The American Union has now subsisted for half a century, in the course of which time its existence has only once been attacked, namely, during the War of Independence. At the commencement of that long war, various occurrences took place which betokened an extraordinary zeal for the service of the country. But as the contest was prolonged, symptoms of private egotism began to show themselves. No money was poured into the public treasury; few recruits could be raised to join the army; the people wished to acquire independence, but was very ill-disposed to undergo the privations by which alone it could be obtained. "Tax laws," says Hamilton in the Federalist" (No. 12), "have in vain been multiplied; new methods to enforce the collection have in vain been tried; the public expectation has been uniformly disappointed and the treasuries of the States have remained empty. The popular system of administration inherent in the nature of popular government, coinciding with the real scarcity of money incident to a languid and mutilated state of trade, has hitherto defeated every experiment for extensive collections, and has at length taught the different legislatures the folly of attempting them."

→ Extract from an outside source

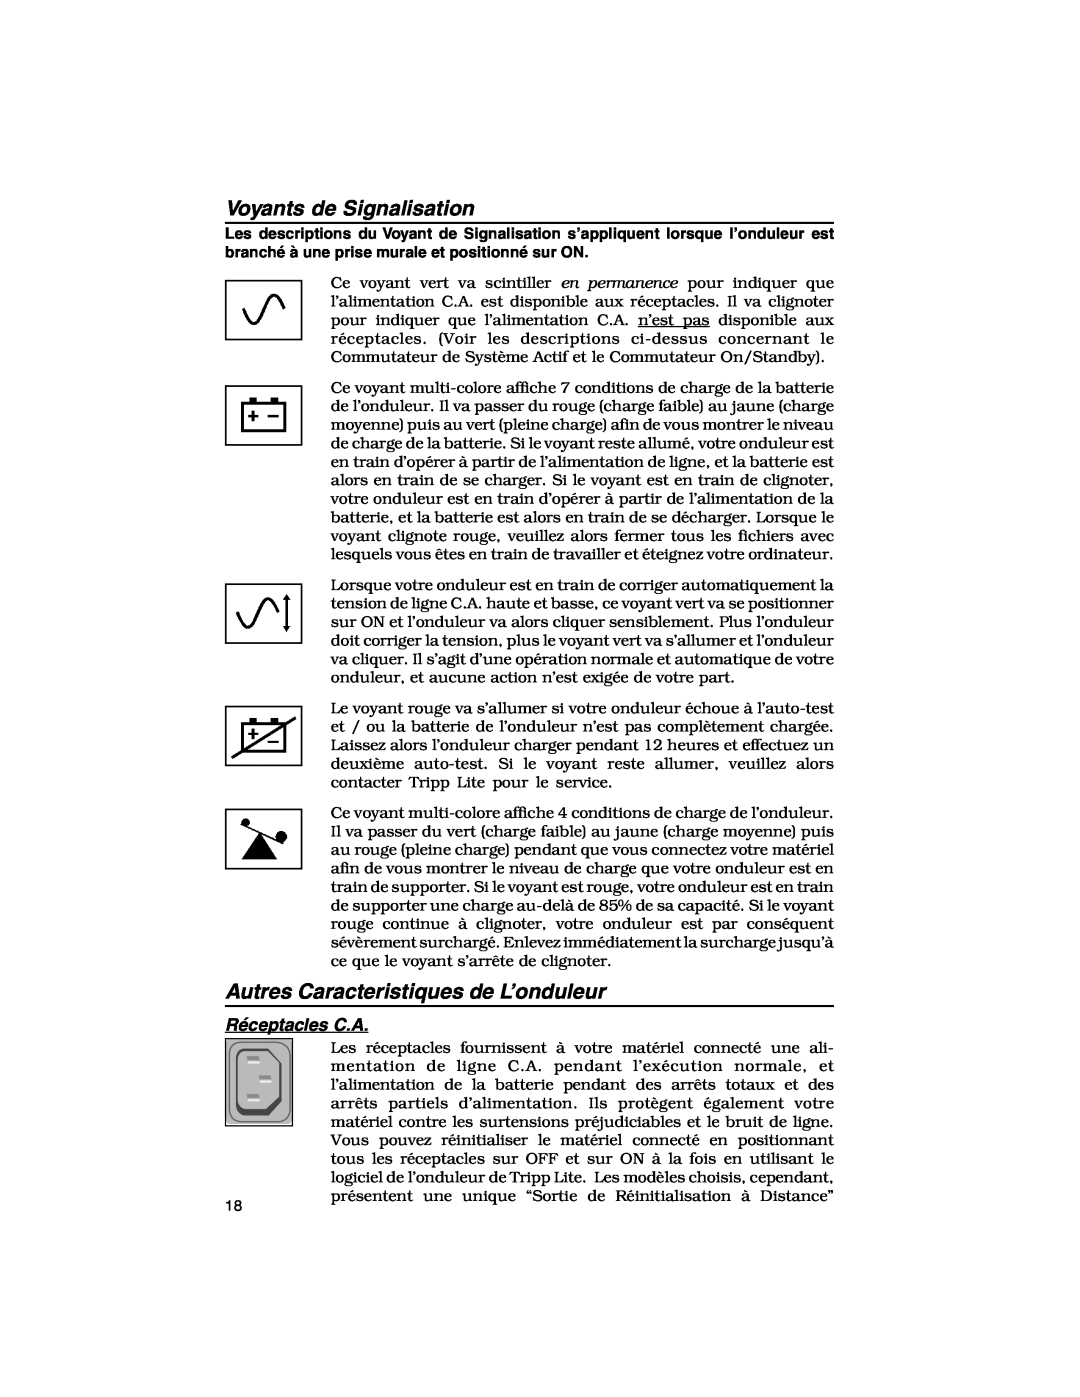 Tripp Lite 450-1400VA specifications Voyants de Signalisation, Autres Caracteristiques de L’onduleur, Réceptacles C.A 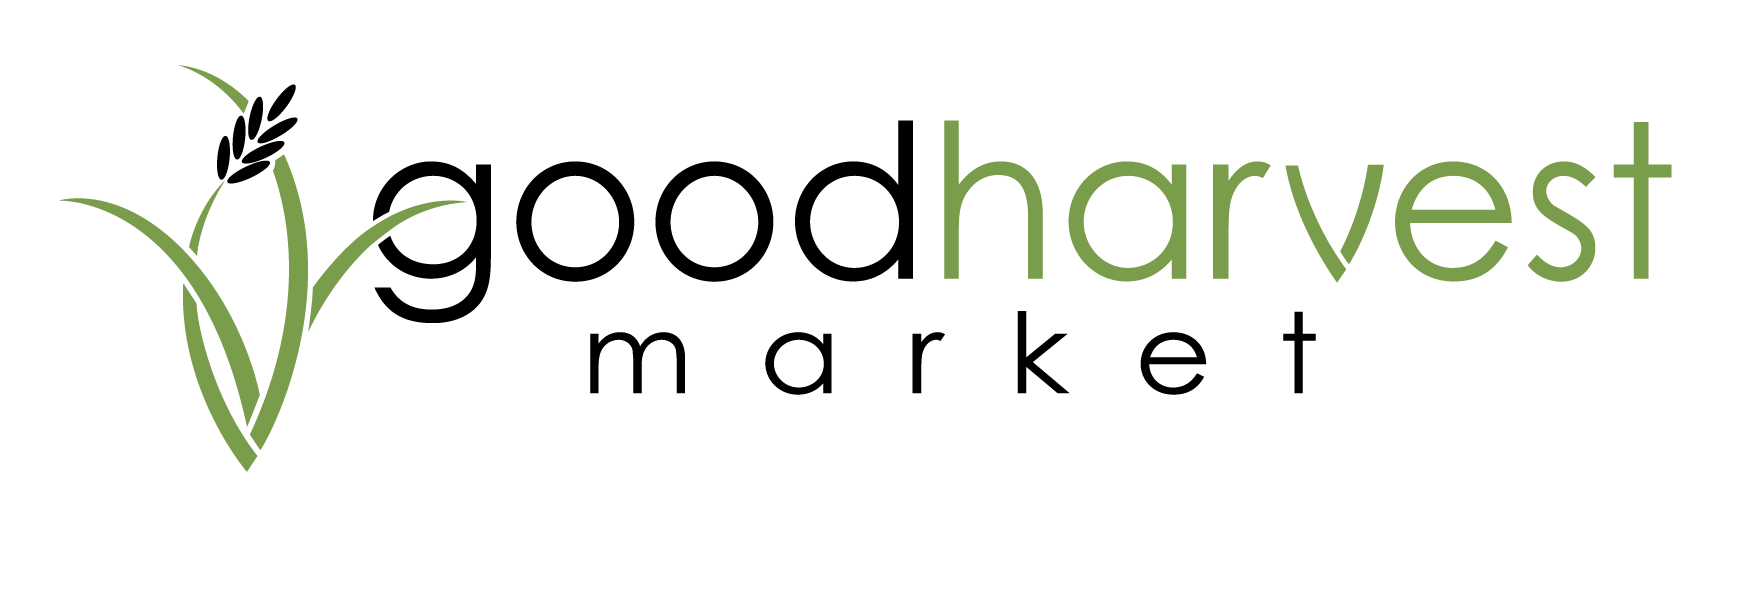 Good Harvest Market Company Logo

The United States have not had any serious war to carry on ever since that period. In order, therefore, to appreciate the sacrifices which democratic nations may impose upon themselves, we must wait until the American people is obliged to put half its entire income at the disposal of the Government, as was done by the English; or until it sends forth a twentieth part of its population to the field of battle, as was done by France.
In America the use of conscription is unknown, and men are induced to enlist by bounties. The notions and habits of the people of the United States are so
opposed to compulsory enlistment that I do not imagine it can ever be sanctioned by the laws. What is termed the conscription in France is assuredly the heaviest tax upon the population of that country; yet how could a great continental war be carried on without it? The Americans have not adopted the British impressment of seamen, and they have nothing which corresponds to the French system of maritime conscription; the navy, as well as the merchant service, is supplied by voluntary service. But it is not easy to conceive how a people can sustain a great maritime war without having recourse to one or the other of these two systems. Indeed, the Union, which has fought with some honor upon the seas, has never possessed a very numerous fleet, and the equipment of the small number of American vessels has always been excessively expensive.